--- Information shown Enclosed Below ---

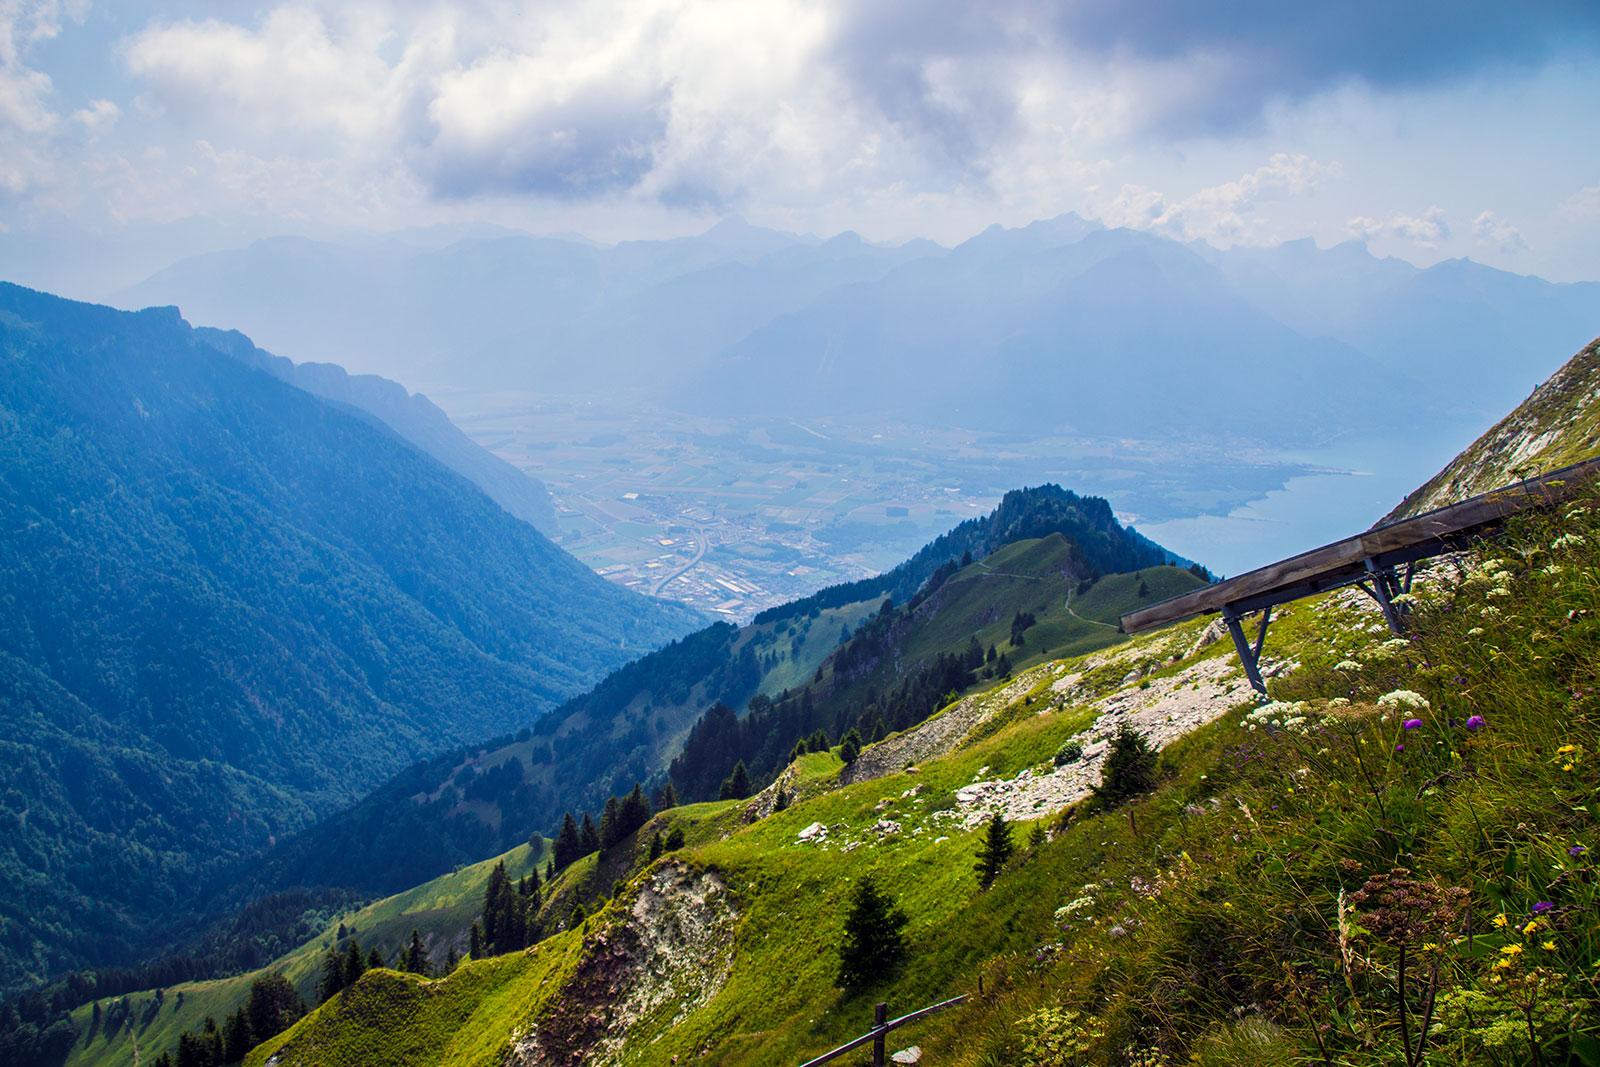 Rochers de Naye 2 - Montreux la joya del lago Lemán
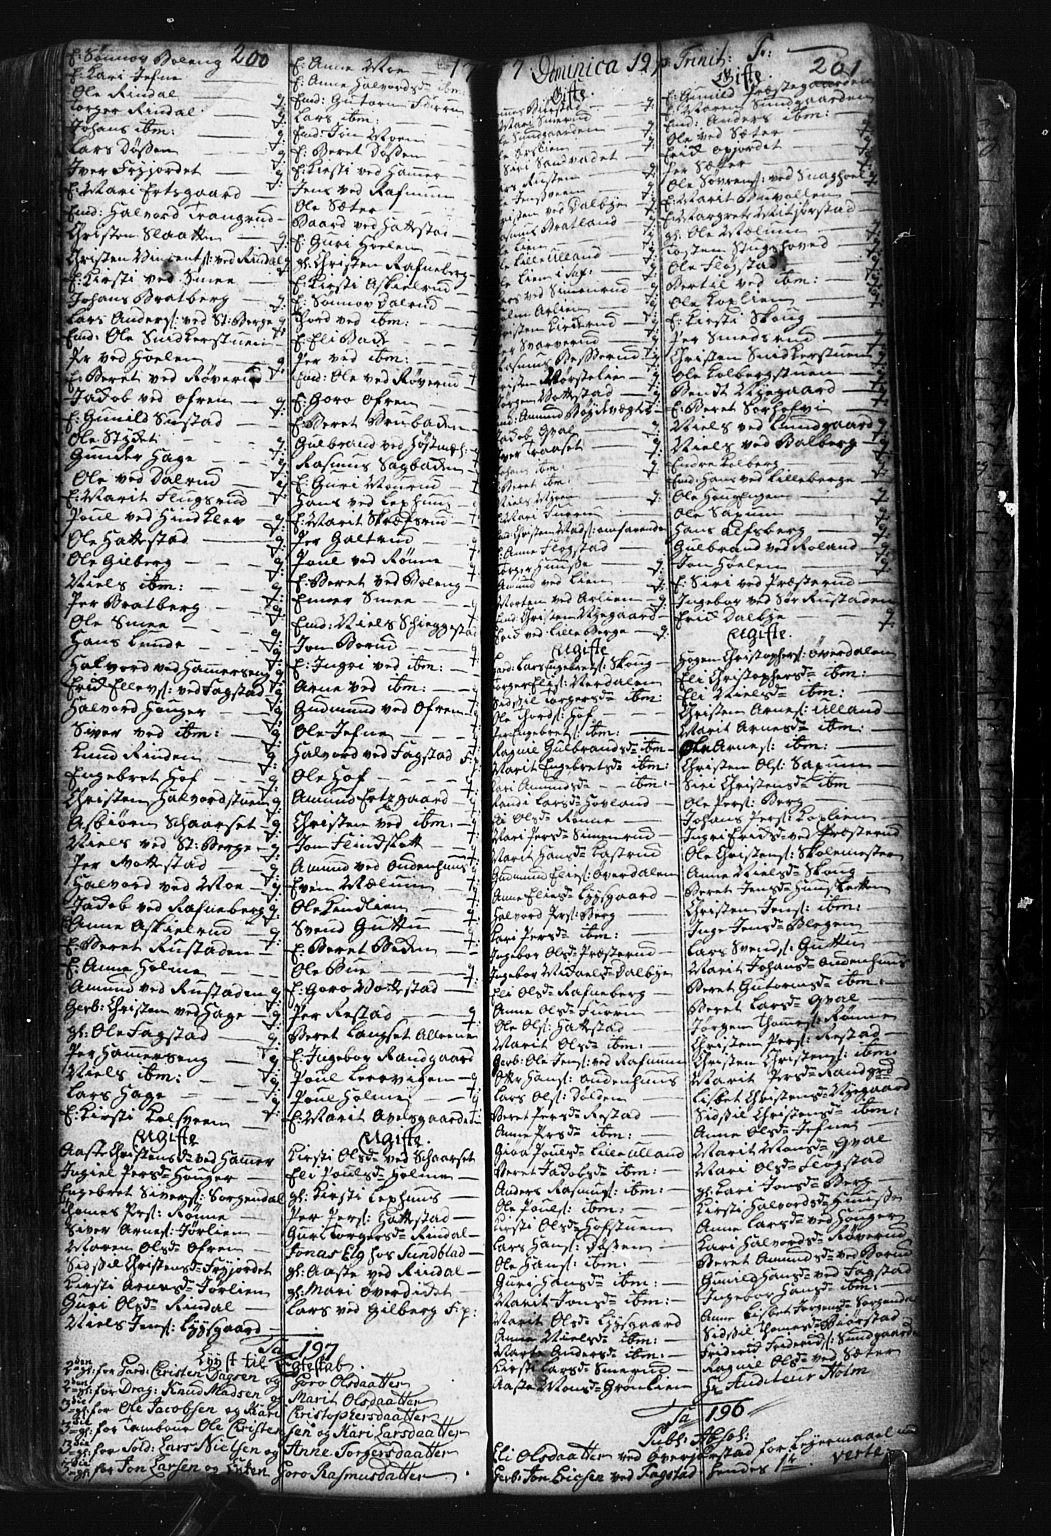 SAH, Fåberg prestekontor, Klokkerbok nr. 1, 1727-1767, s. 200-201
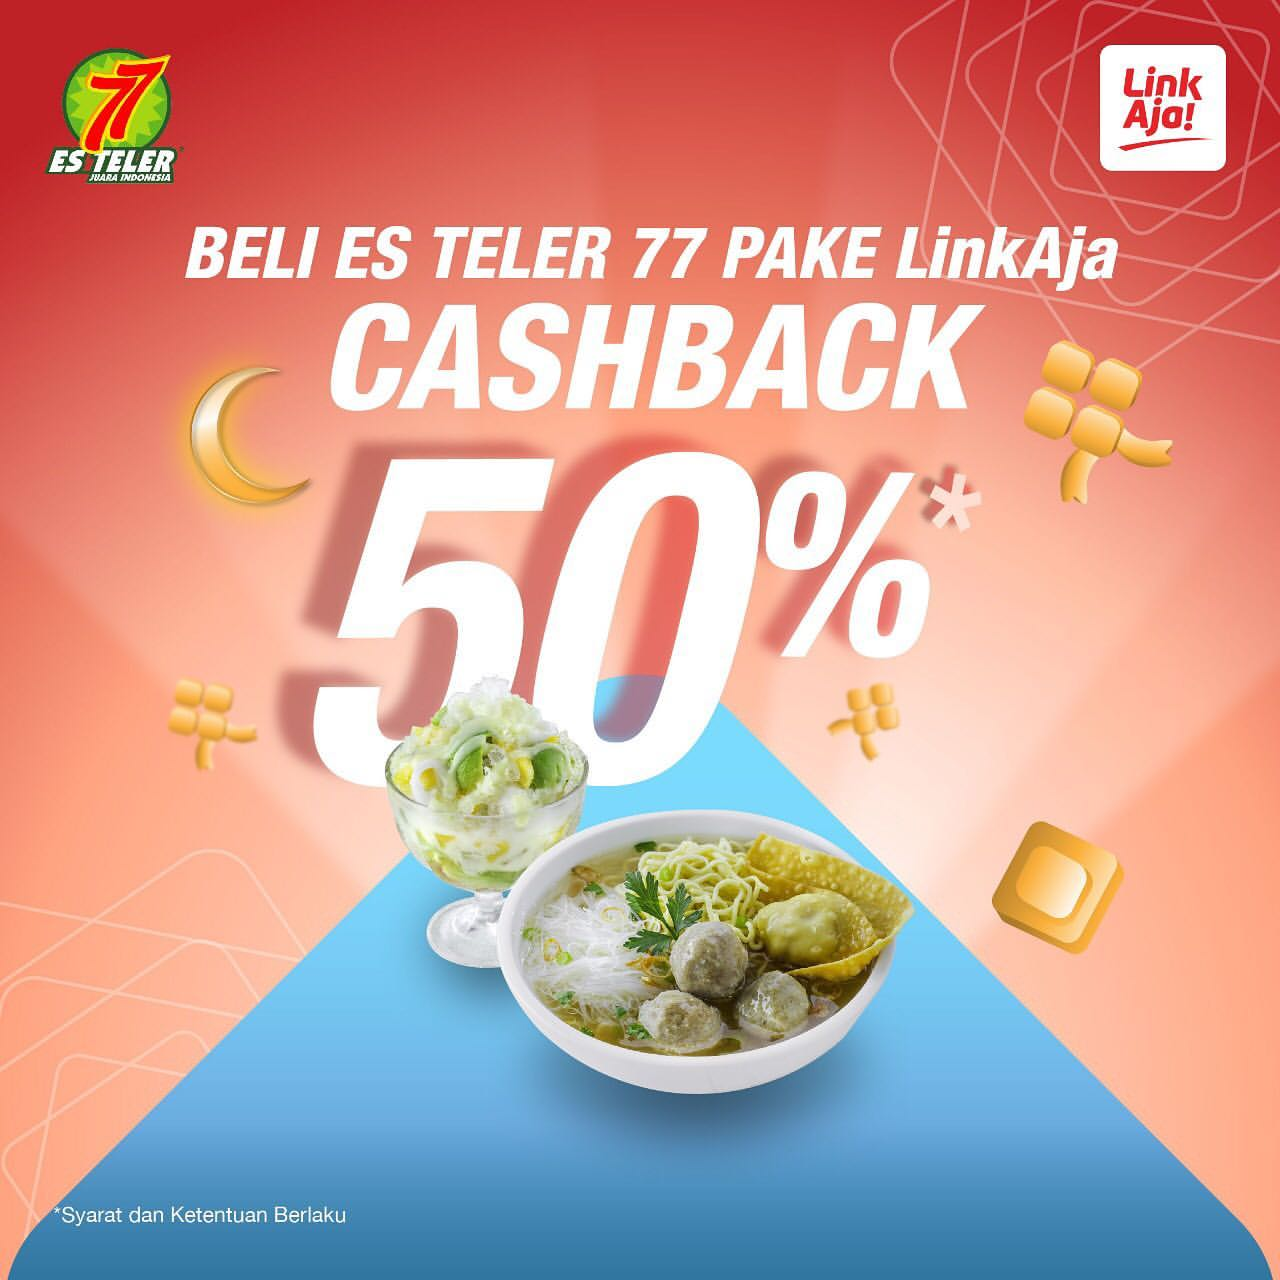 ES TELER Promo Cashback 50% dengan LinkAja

--- End of Enclosed Information shown ---

> Try it: Could the listing above be transcribed exactly, with the pictures left out?

> Reply to the task:
 Rochers de Naye 2 - Montreux la joya del lago Lemán
 SAH, Fåberg prestekontor, Klokkerbok nr. 1, 1727-1767, s. 200-201
 ES TELER Promo Cashback 50% dengan LinkAja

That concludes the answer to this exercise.